DATA SOURCE: FUBOTV INC. CHART BY AUTHOR. (NOTE THAT CUSTOMER DECLINES ARE NOT UNCOMMON DURING THE FIRST HALF OF ANY GIVEN CALENDAR YEAR, AND MORE THAN OFFSET DURING THE SECOND OF THE YEAR.)
What gives? How is fuboTV able to do what most other cable companies can’t? There are two chief explanations.
First, by virtue of being a virtual cable service provider, fuboTV’s monthly price isn’t bloated by a pile of localized taxes and fees — a figure Consumer Reports says now adds an average of $37 to the typical U.S. cable customer’s monthly bill. The price you pay for fuboTV is exactly each plan’s price listed at the website, ranging from $74.99 to $99.99 per month, depending on the package you choose.
The second reason fuboTV is winning when other cable players aren’t: It caters to sports fans without forcing them to pay for a bunch of channels they don’t watch. All of its lineups include access to all-important ESPN as well as FS1, but can also include channels like the NFL Network’s Red Zone and Premier League soccer — programming that isn’t exactly easy to access in the United States.
And that’s no minor detail. A recent survey performed by CableTV.com indicates access to live sports programming is the No. 1 reason people stick with cable. Meanwhile, fuboTV’s cable lineups don’t include PBS, CNN, Lifetime, AMC, The History Channel, A&E, TNT, and a handful of others. Not carrying these less-watched channels is how the company is able to keep its prices relatively low.
Moving in the right fiscal direction
None of that, however, is the overarching reason you might want to take a swing on fuboTV shares while they’re down 96% from their peak. Far more bullish is the fact that fuboTV’s business model works. That is to say, the company’s found the right balance between its channel lineup and price. Consumers are responding by paying for it.
That doesn’t mean fuboTV is wildly profitable — at least, not yet. It’s making progress to that end, though. The graphic below puts things in perspective. Like many other young companies, fuboTV’s losses were still widening through 2020 even though its top line continued reaching new records during that time.

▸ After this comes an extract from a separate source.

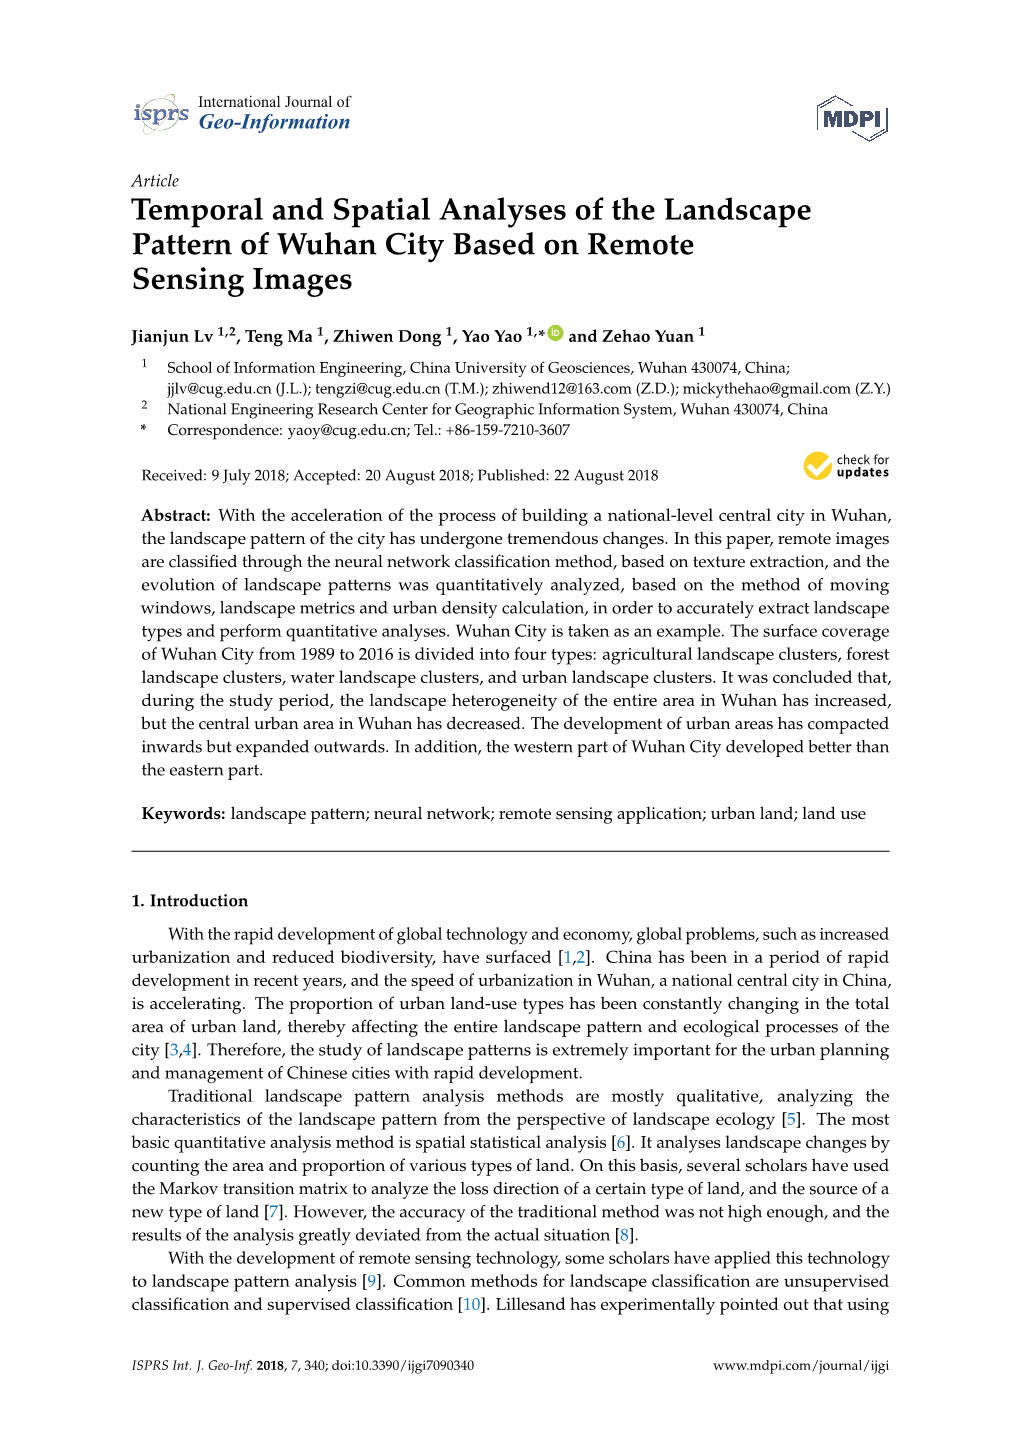 Temporal and Spatial Analyses of the Landscape Pattern of Wuhan City Based on Remote Sensing Images

Late last year, however, something funny started happening. Those operating and net losses began to shrink. This trend has continued on into this year.
It’s still losing money by all measures, to be clear. That’s not the point though. The big takeaway here is the trajectory. Operating losses are shrinking. Free cash flow is working its way from negative to positive. In this vein, fuboTV maintains its goal of positive free cash flow by 2025. The fact that the company is setting such expectations with investors is telling — bullishly.
Yet, that’s not the only high bar fuboTV is willing to publicly set. It also expects to report 1.34 million paying North American subscribers with its third-quarter results. By the end of the year the company believes it will be serving roughly 1.575 million such customers. Both would be records for their respective quarters.
This growth should also ultimately generate full-year North American revenue of around $1.27 billion. Analysts, however, expect this particular growth streak to last well beyond the remainder of the year.
DATA SOURCE: STOCKANALYSIS.COM. CHART BY AUTHOR.
The same analyst community also maintains a consensus price target of $3.60 per share, which is more than 40% above fuboTV stock’s present price.
For risk appetites only
If you’re looking for an outright guarantee that fuboTV shares have already hit bottom — forget it. There may be more downside left to play out. After all, stocks of pre-profit companies can do unpredictable things.
If you can stomach a bit of uncertainty (and the volatility it often brings with it), however, fuboTV’s an interesting prospect for a portion of your higher-risk capital. Its product offers the cable television service that people want at a price they’re willing to pay. It’s just going to take a little time for consumers to connect the dots.